In Queens, New York, Northwell Well being’s Cohen Youngsters’s Medical Middle noticed a 350% enhance in gunshot sufferers between 2021 and 2022, in response to Dr. Chethan Sathya, a pediatric trauma surgeon and director of Northwell Well being’s Middle for Gun Violence Prevention.

Screening, stopping, and intervening to drive down firearm violence

The information that is rising on baby gun deaths must be a transparent name to policymakers, Sathya mentioned.

“Violence intervention teams are doing actually nice work, these research spotlight that they are wanted greater than ever,” he says. “It disproportionately does have an effect on and has affected Black youngsters, and it is horrific. So how can we step up as a group to deal with the basis causes?”

On the Cohen kids’s hospital in Queens, gun damage prevention begins with asking all sufferers some screening questions on firearm entry and threat elements, Sathya explains, and offering trauma-informed companies to violently injured sufferers.

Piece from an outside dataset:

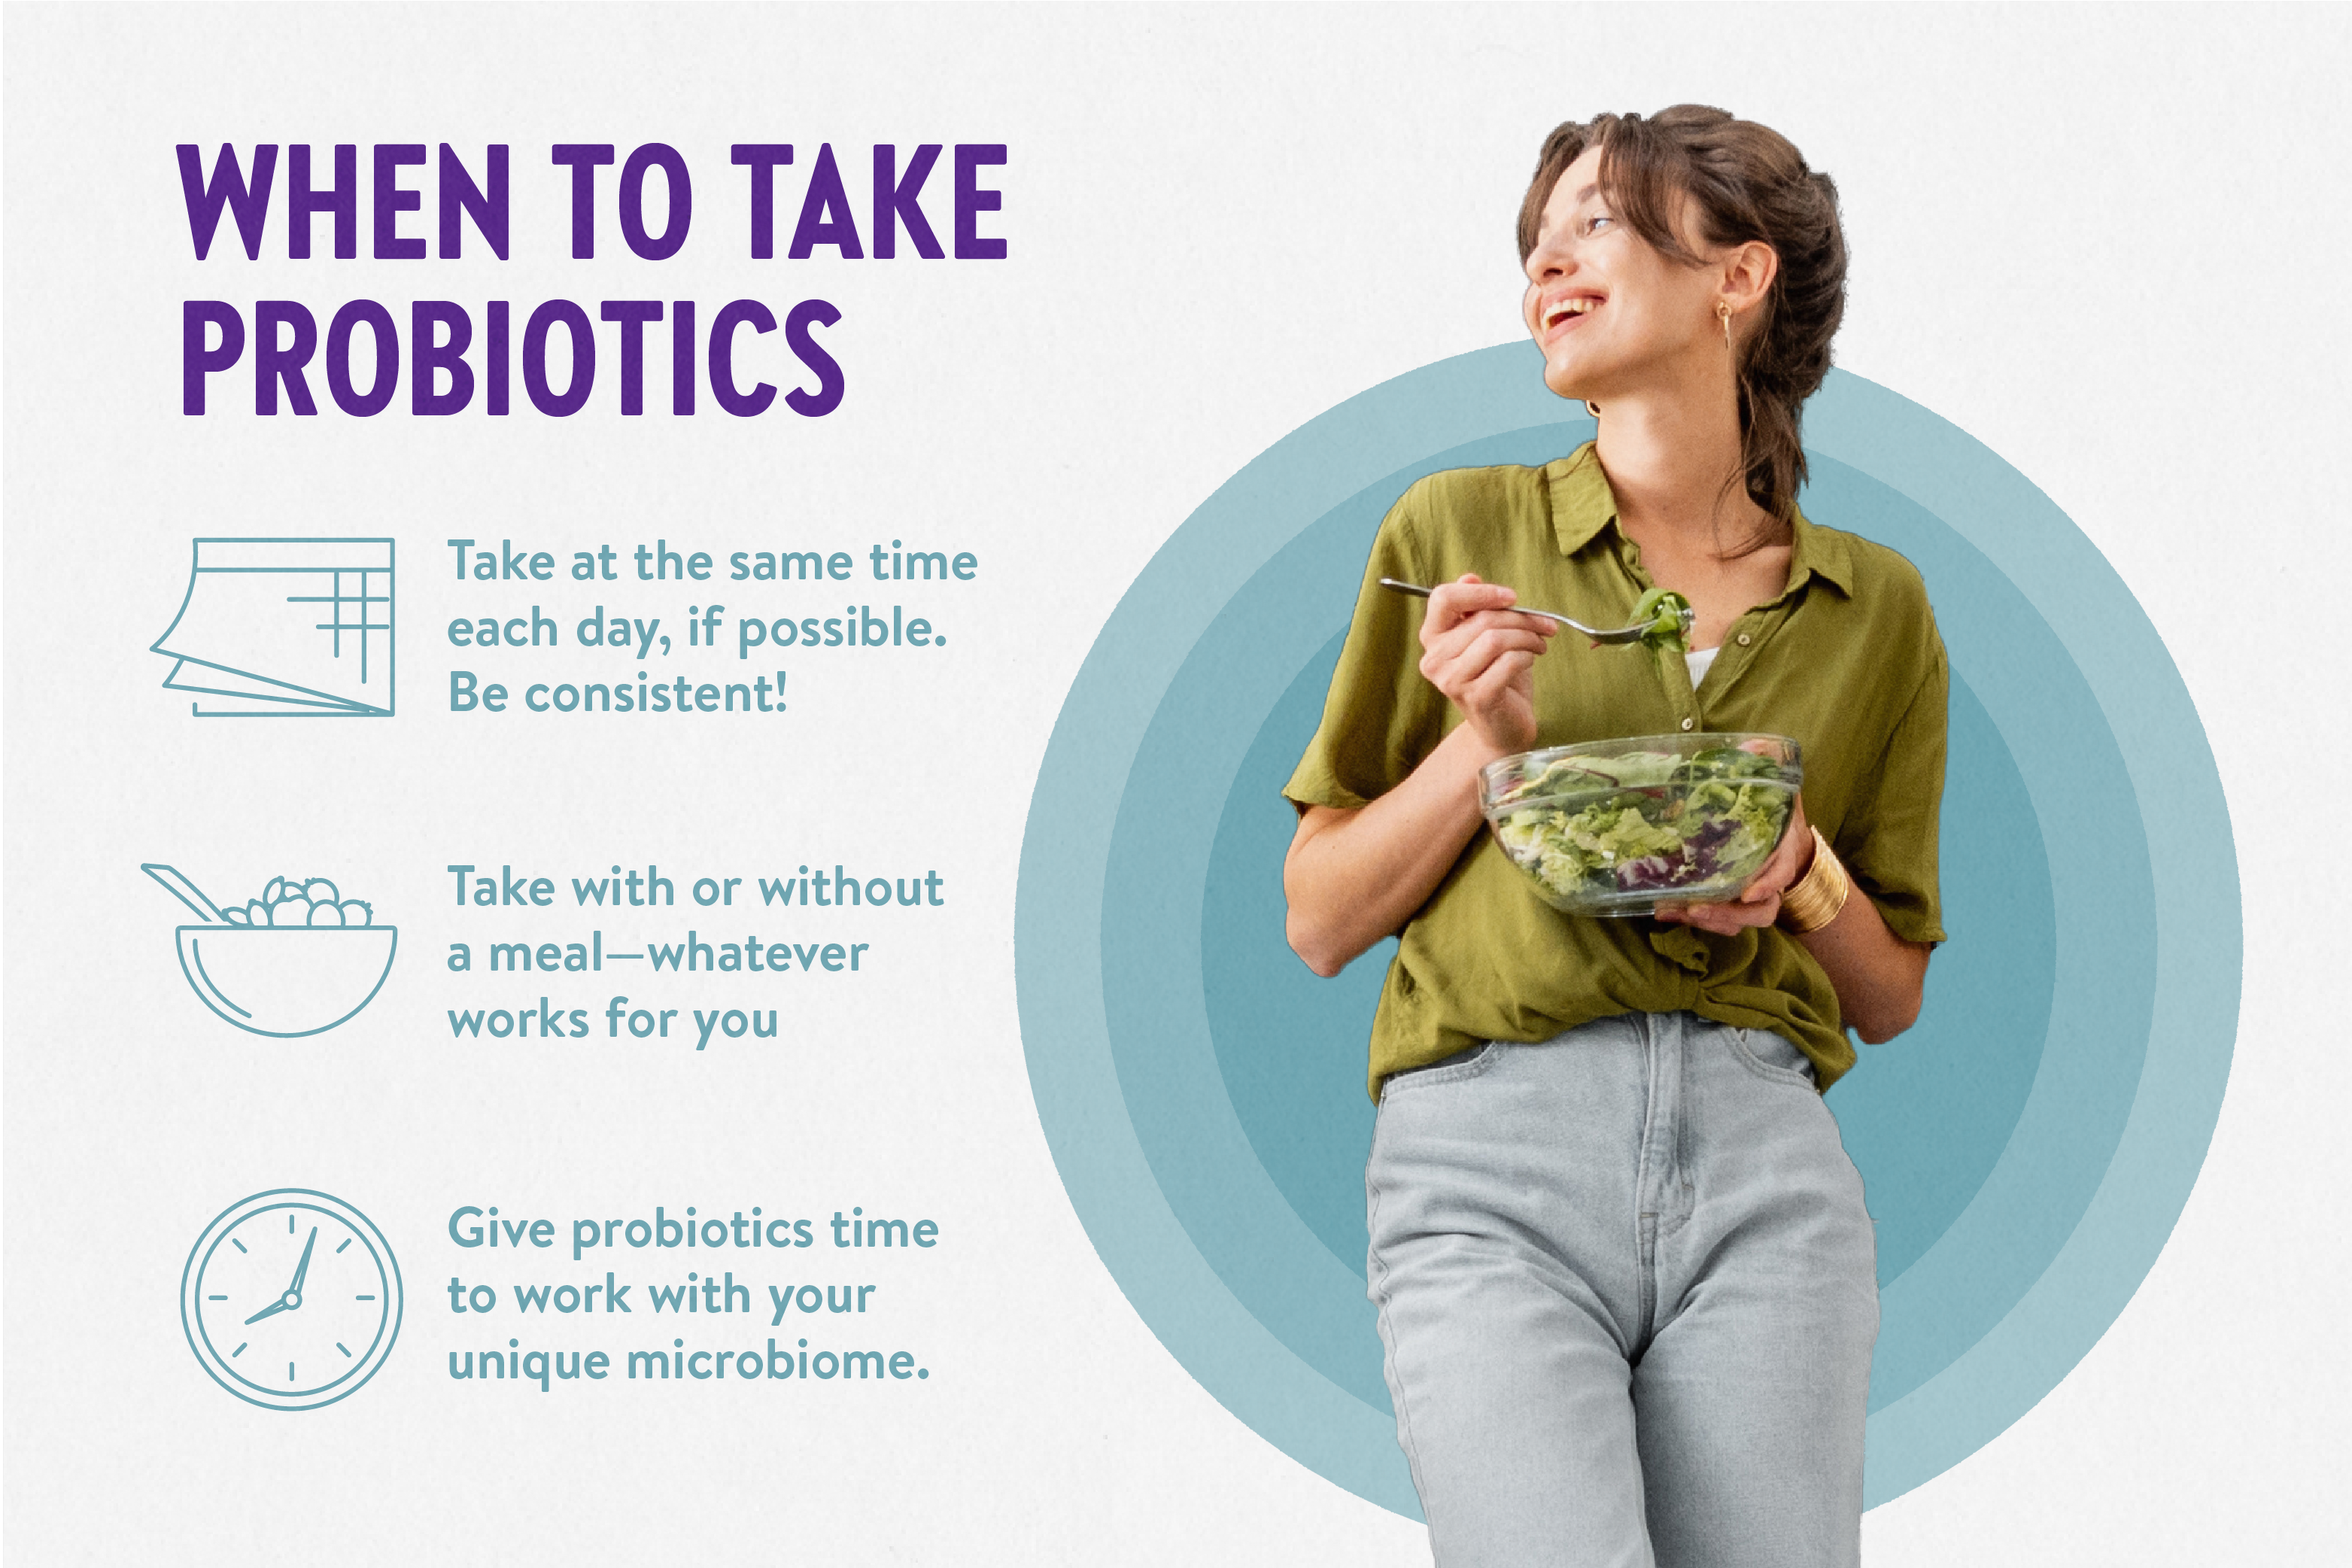 When to take probiotic

In Philadelphia, Kaliek Hayes based a nonprofit known as the Childhoods Misplaced Basis. Hayes and different group leaders in neighborhoods the place gun violence is prevalent work to succeed in kids and youths early, and ensure they do not get concerned.

As alternate options, they join kids to a community of after-school mentorship applications, arts alternatives, and profession prep choices.

“If we err on the facet of getting in entrance of it earlier than it occurs, numerous the numbers we’re seeing can be totally different,” Hayes says.

This story comes from NPR’s well being reporting partnership with WHYY and KFF Well being Information.